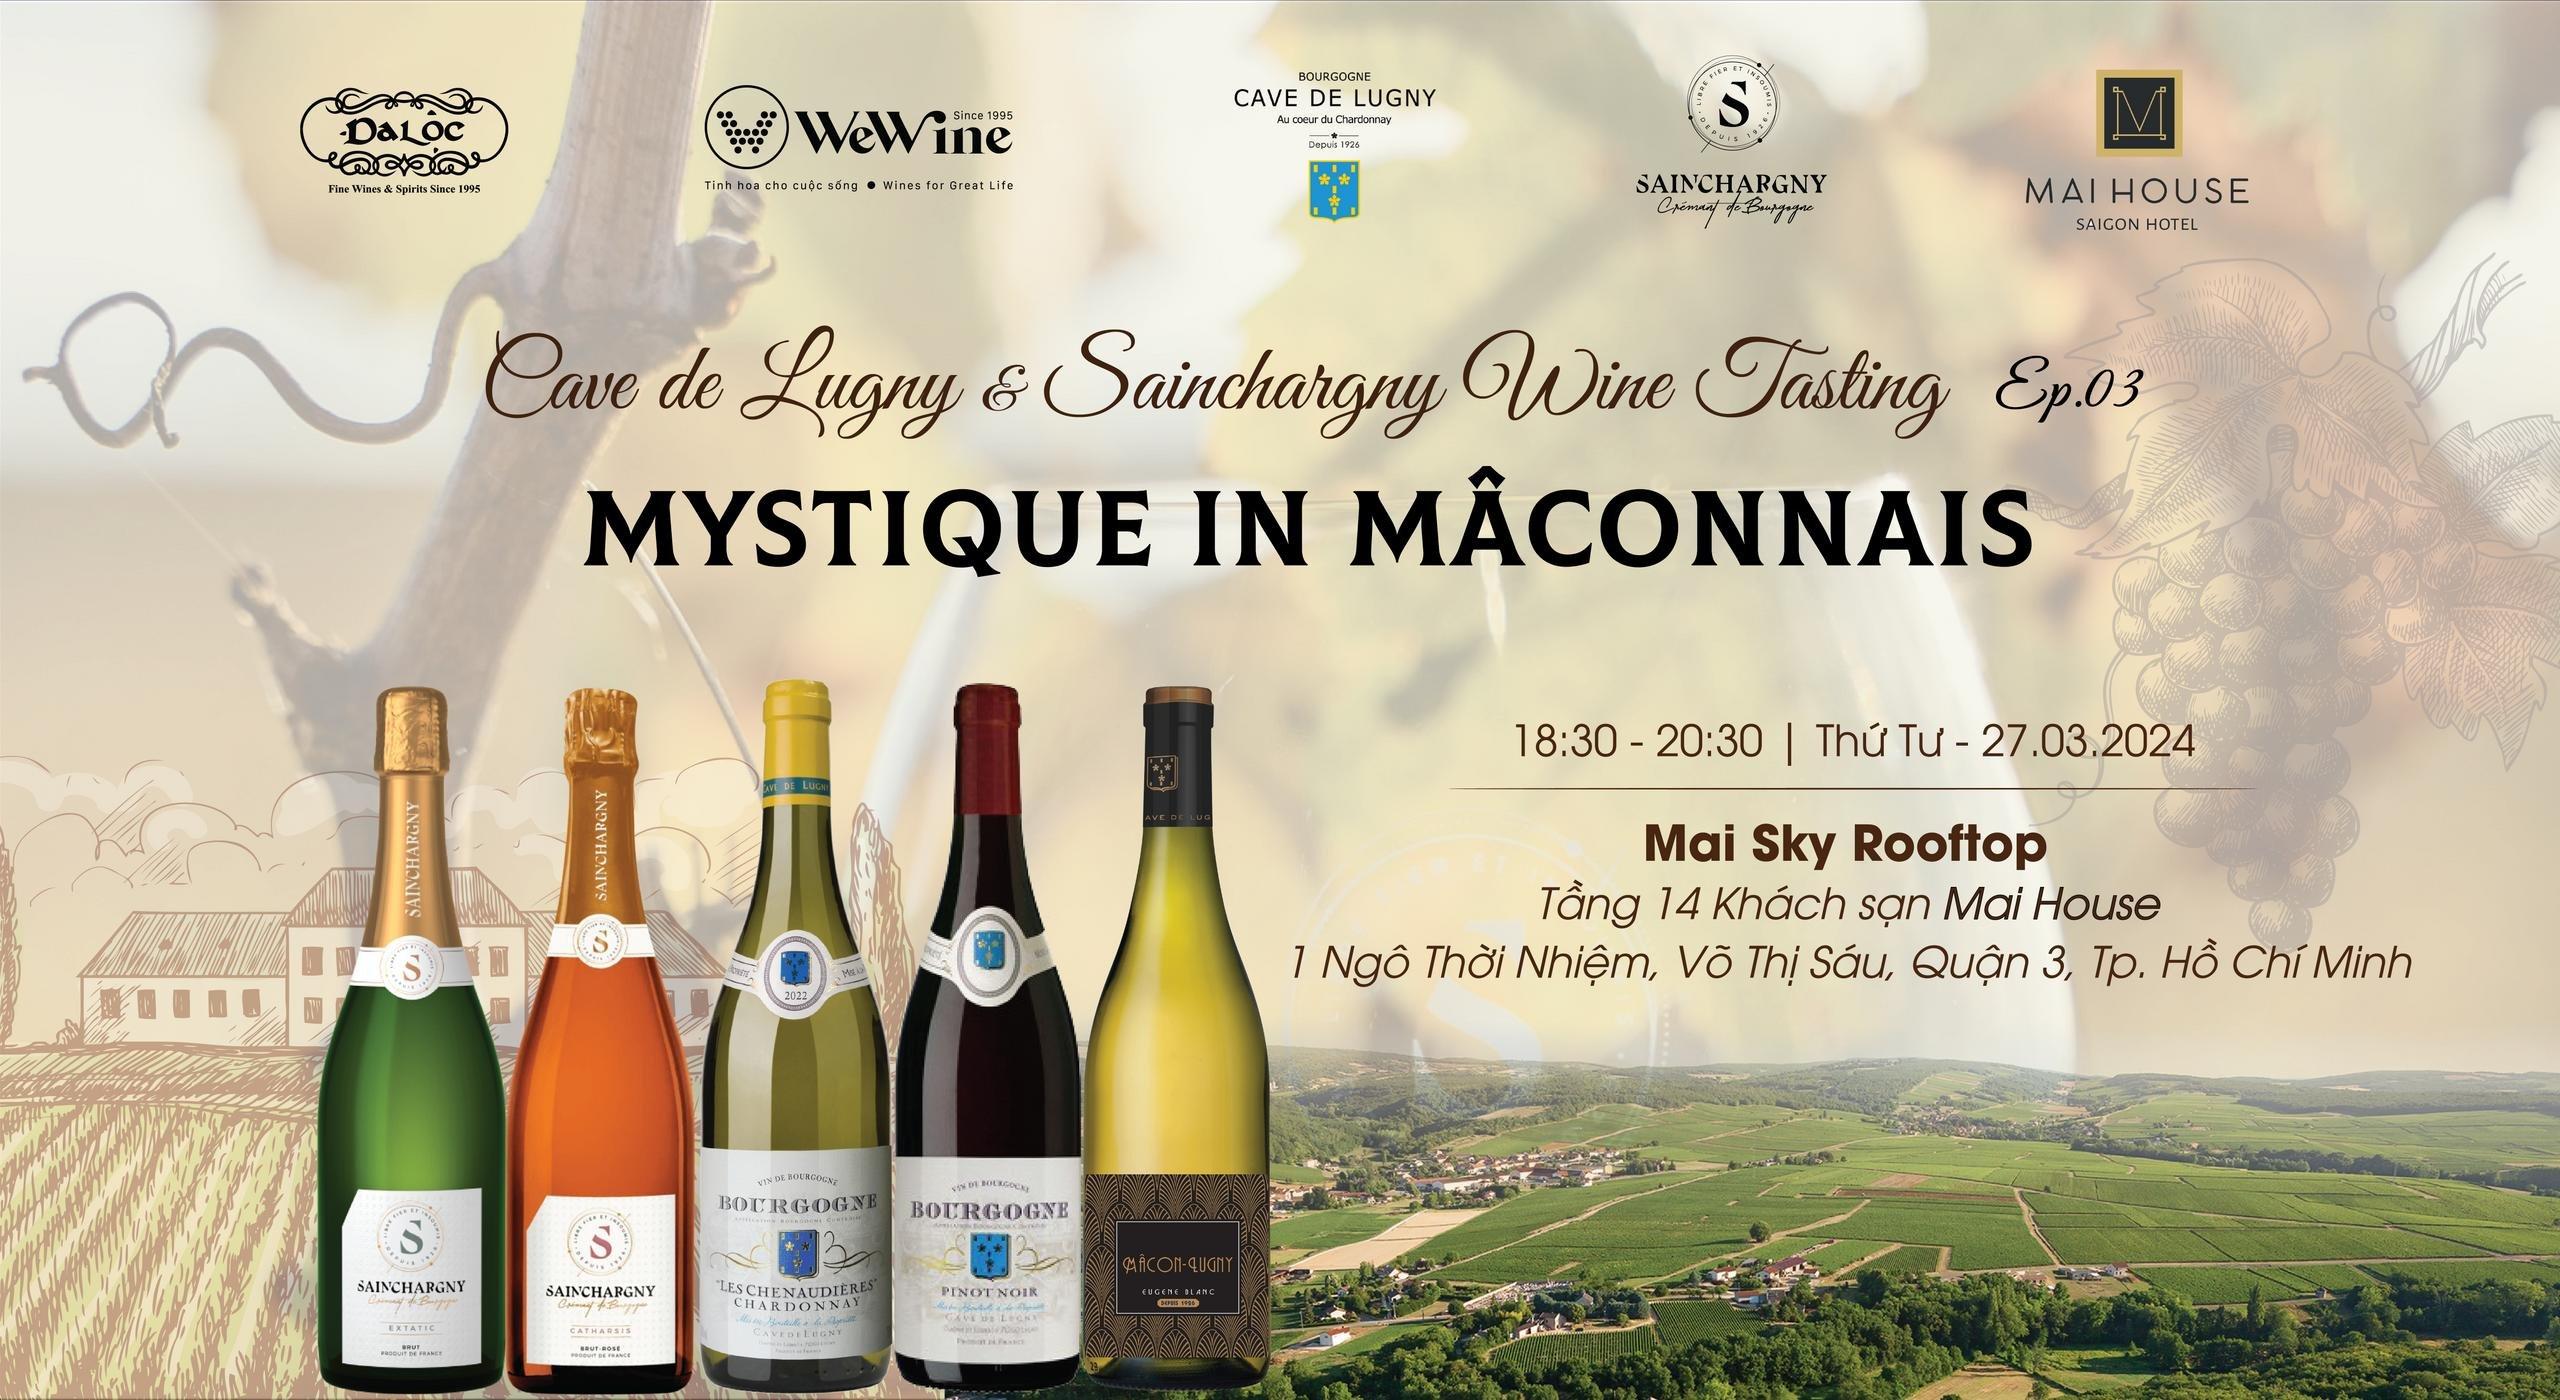 Cave de Lugny & Sainchargny Wine Tasting - Mystique in Mâconnais
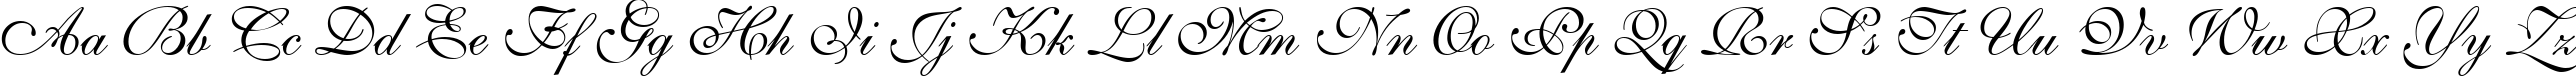 Пример написания английского алфавита шрифтом English 111 Presto BT
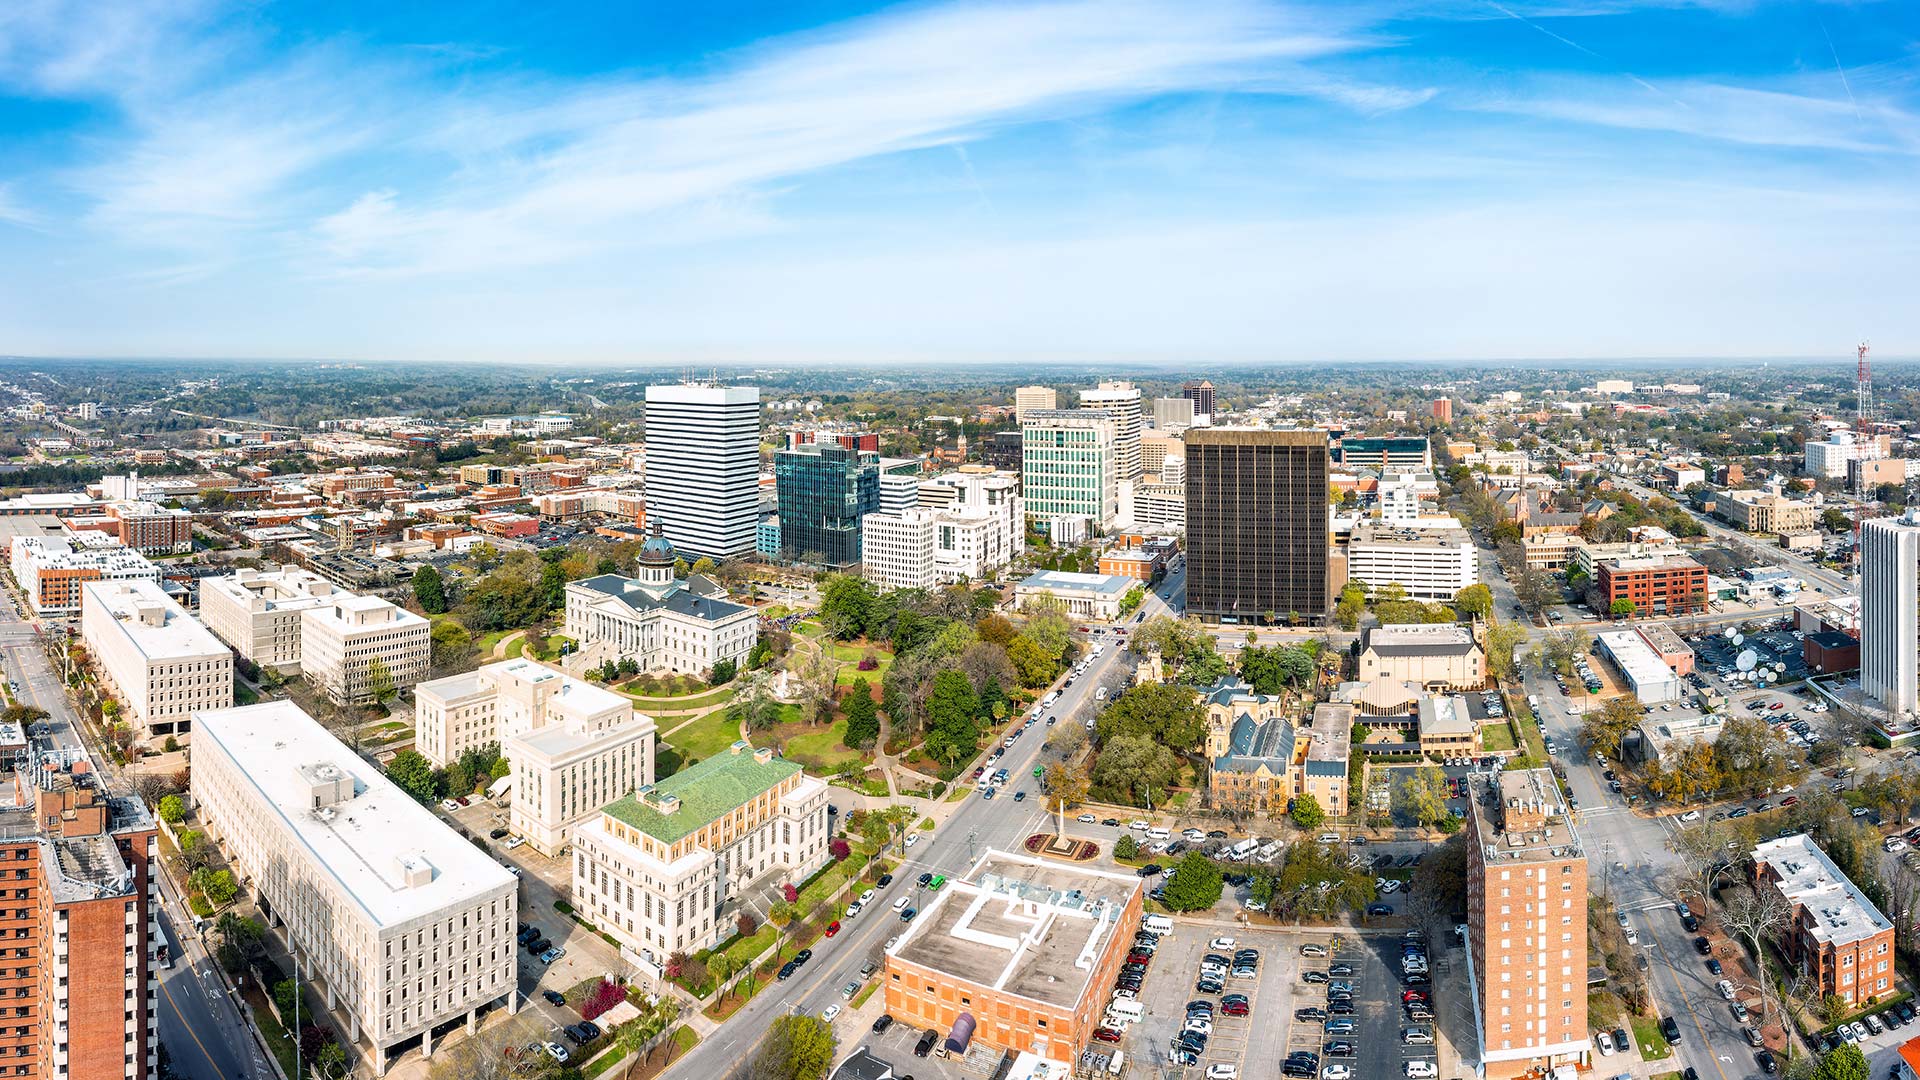 Aerial view of Columbia, South Carolina
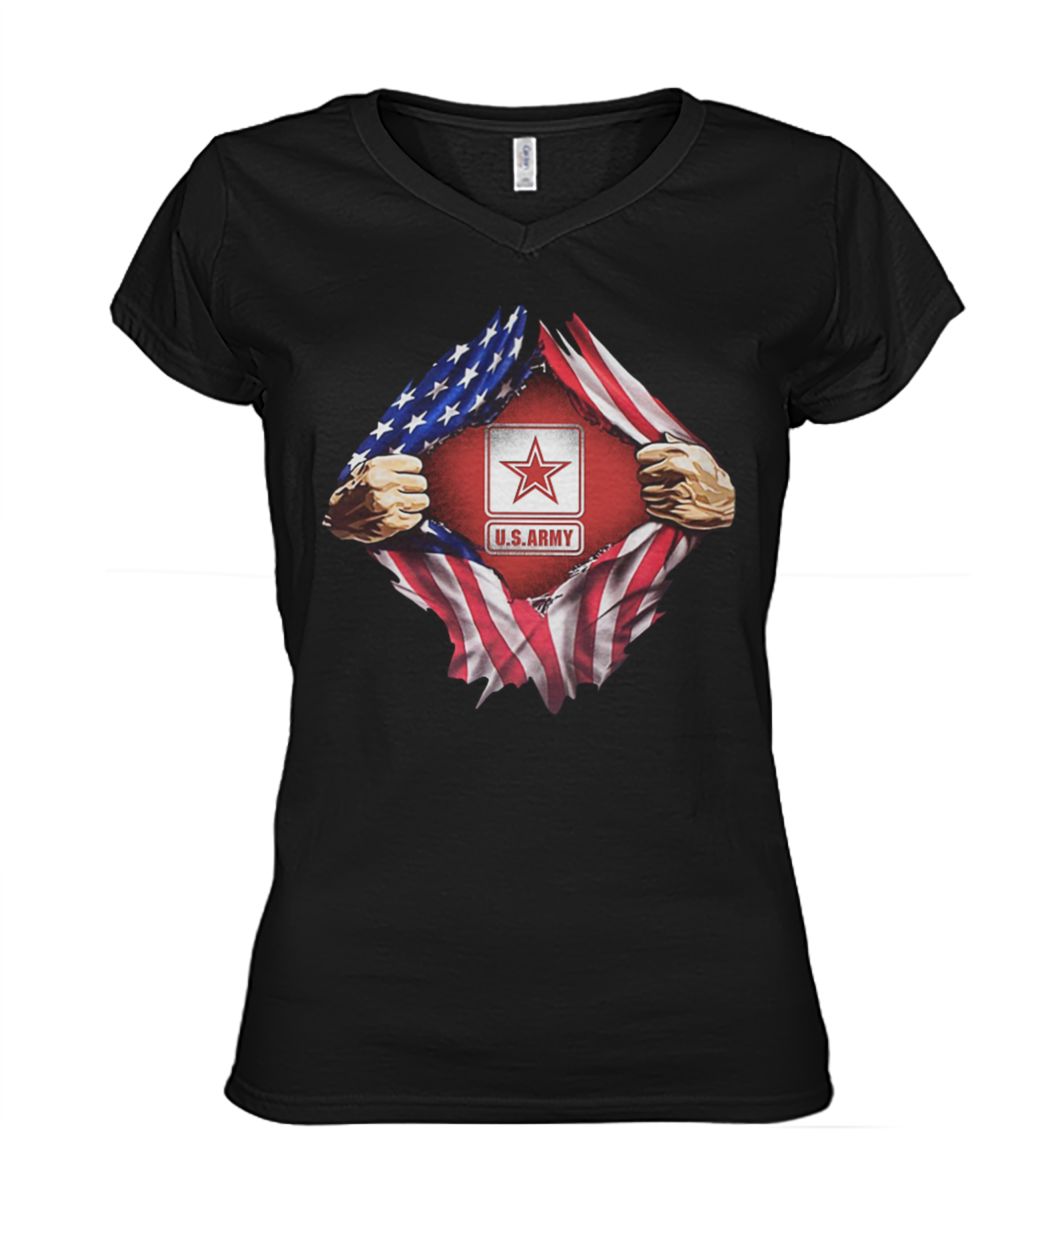 U S Army inside me american flag women's v-neck

# [PROMPT]
Copy out the listing exactly as it stands, but not the pictures.

# [YOUR SOLUTION]
 Cave de Lugny & Sainchargny Wine Tasting - Mystique in Mâconnais
 Пример написания английского алфавита шрифтом English 111 Presto BT
 Aerial view of Columbia, South Carolina
 U S Army inside me american flag women's v-neck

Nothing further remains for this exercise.